Normally, a USB device always appears as a slave device, i.e. it does not create requests on its own. However, this might very well be different, as the case of a HID device, sending unsolicited INTERRUPT messages. In netpp-speak, it is in fact a master. In some scenarios, a response from the host device might be expected, however, the USB protocol does not have such a reversible protocol character, so it needs to be implemented using specific command queues. This, however allows a USB device to actually query networked netpp capable nodes through the proxy. A powerful feature, but also dangerous, as an infected 8051 stick could in theory scan your IoT network for services. This calls for extended security.

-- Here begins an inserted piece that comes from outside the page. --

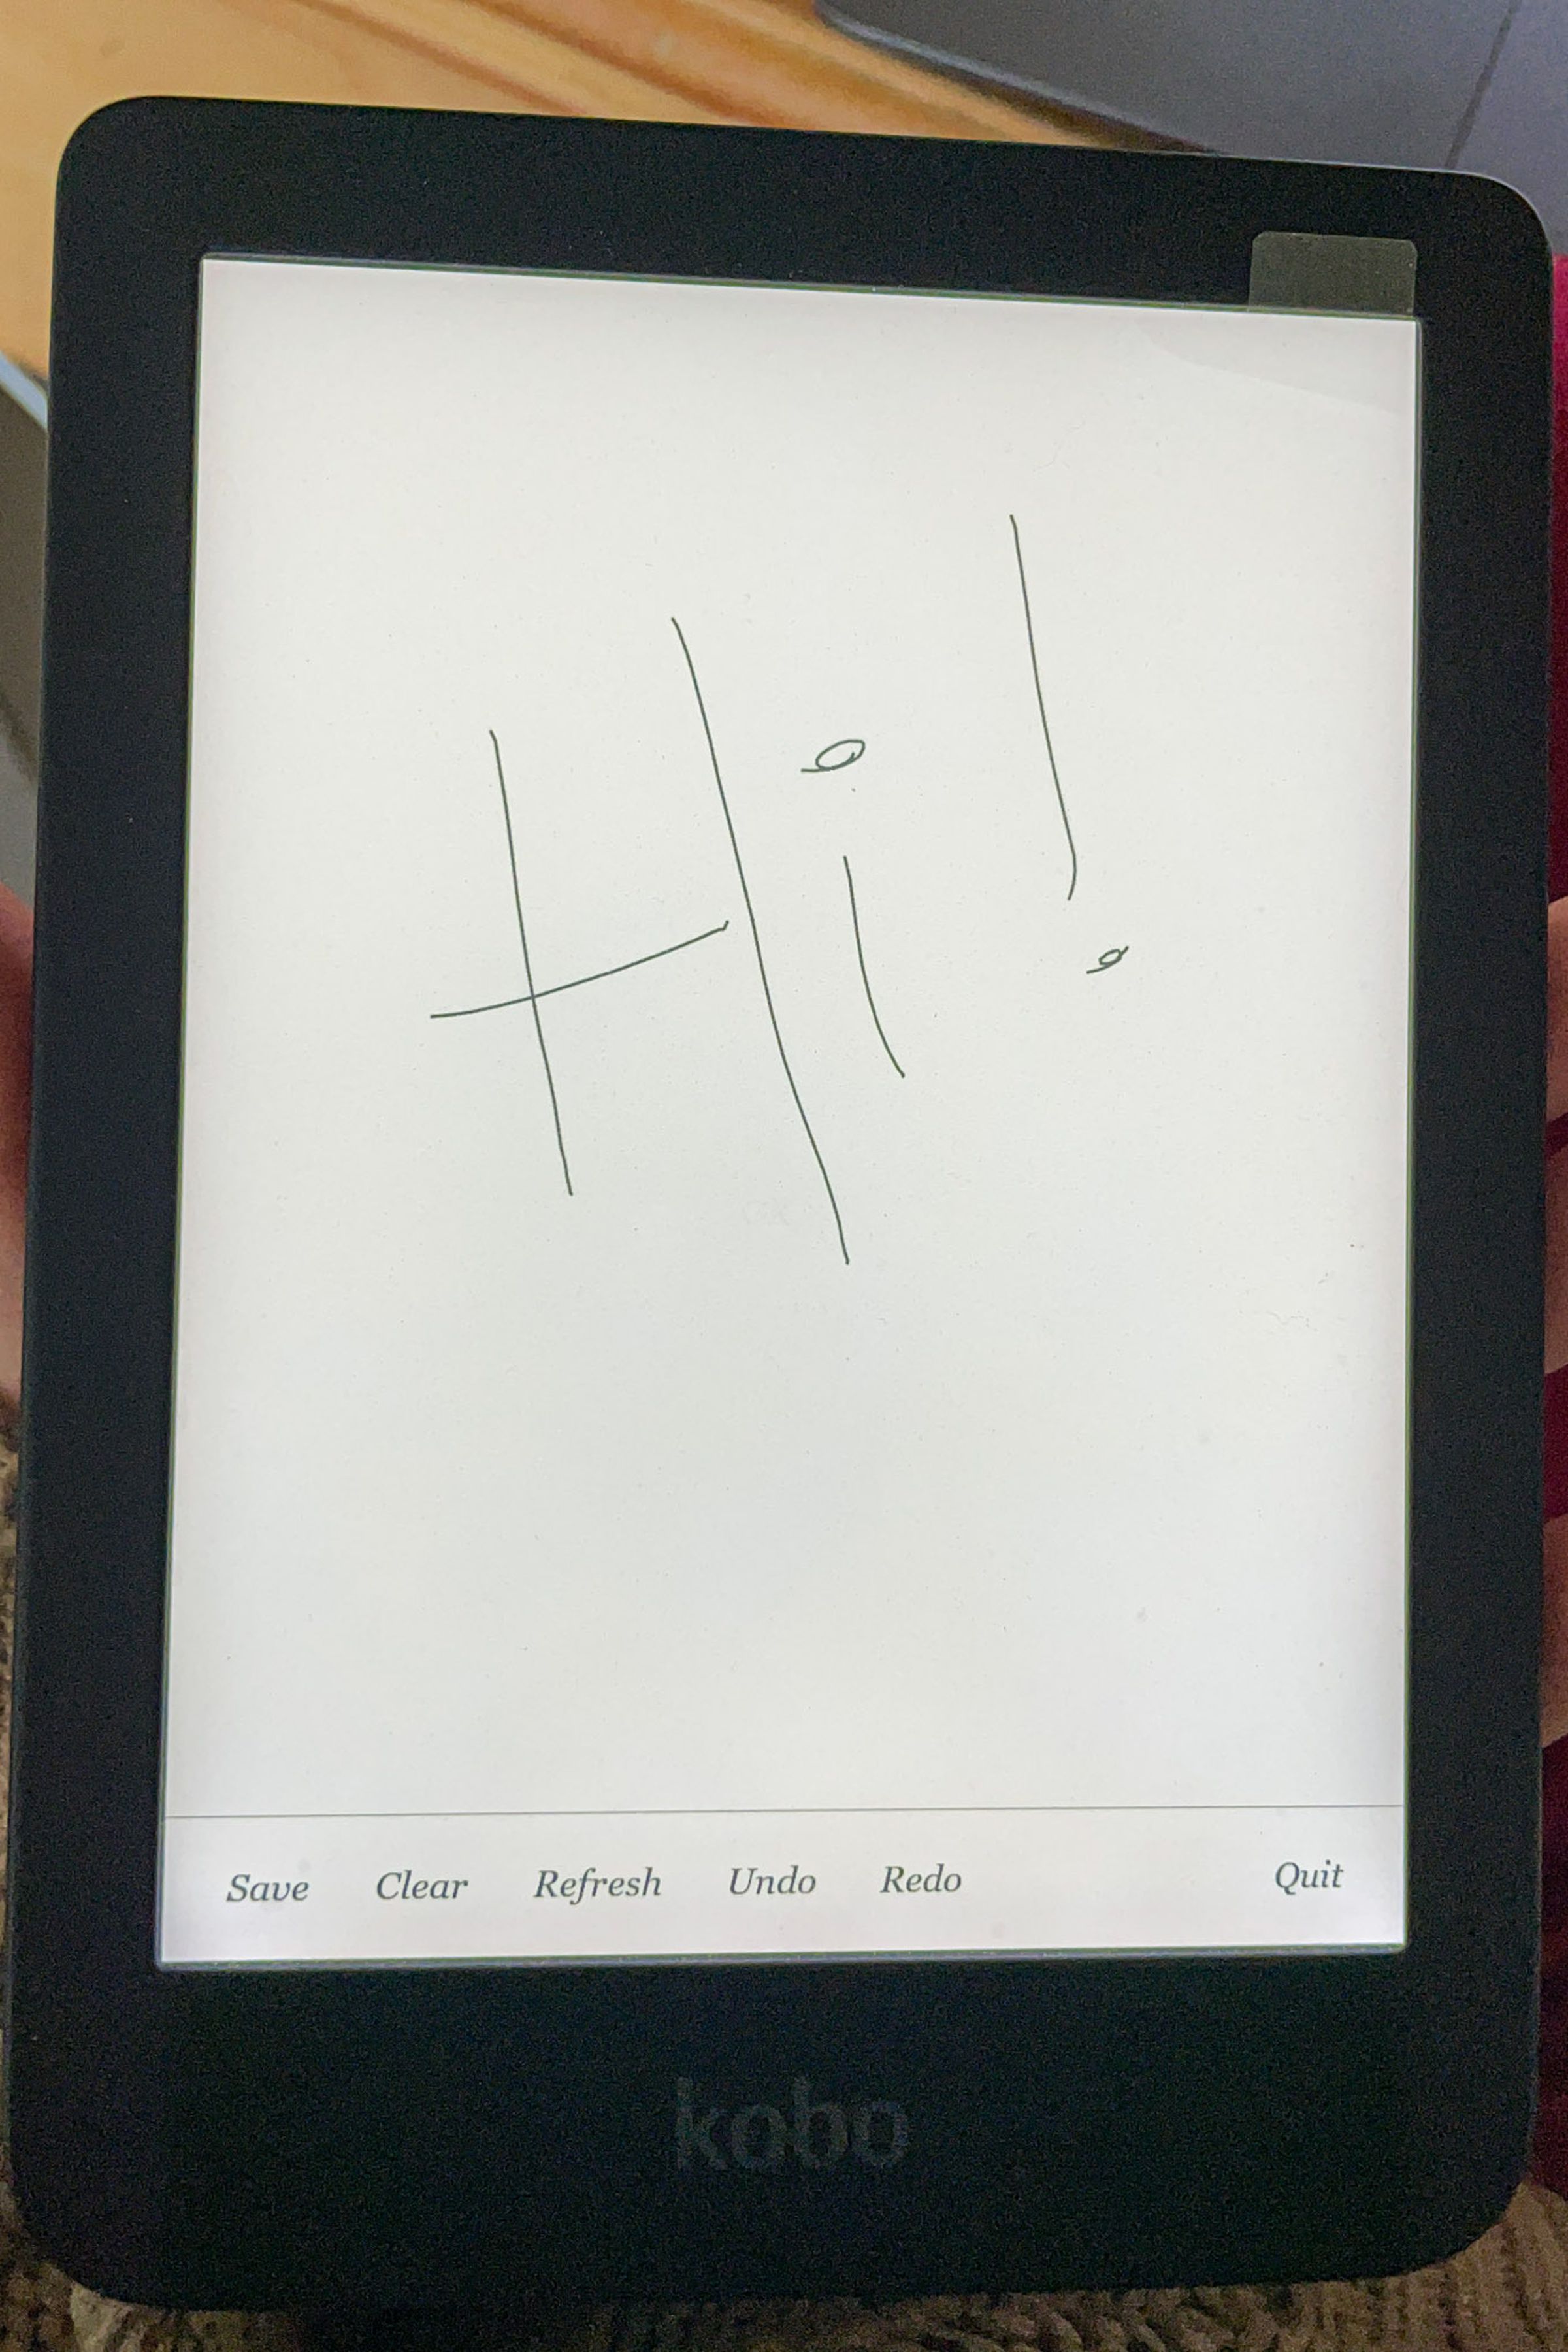 A hand holding up the Kobo Clara 2E. Its screen is on and open to the experimental sketchbook app, where the word “Hi” is written in handwriting.

netpp does not implement an authentication method in its native layer. It either relies on an encrypted transport layer or a simpler ‘nonce’ scheme for safety (not security!), or it expects to be tunneled through a SSL (secure socket layer) proxy for a automation solution, for example.

However, it is possible to implement an authentication scheme on the property layer by the developer. A simple challenge-response-system is easily implemented as a short property get/set sequence. A more secure proxy is then only allowing a forward request from a USB device to the network, if it is authenticated and enabled. However, the driver layer needs to ensure that a malign USB device is not taking over the identity of the correct device on the USB bus. Unfortunately, this can only be avoided by introducing the above security nonce scheme, full ‘capture protection’ will require a completely encrypted transport layer.

Wrap up

This is only one of many possible ways to simplify USB communication and parameter/functionality maintenance of a device class. There are many different approaches, one prominent one being the GenIcam standard that is however restricted to machine vision systems (cameras). The interesting thing here is the developer’s protagonism (“reduce boring work load”) and the big vendors antagonism of ruling a standard (“make money by being incompatible/define a proprietary ‘standard'”). On the other hand, different interfaces will always legitimate themselves for specific purposes. Our primary objective is basically to be able to handle these different standards in software with minimum coding maintenance overhead.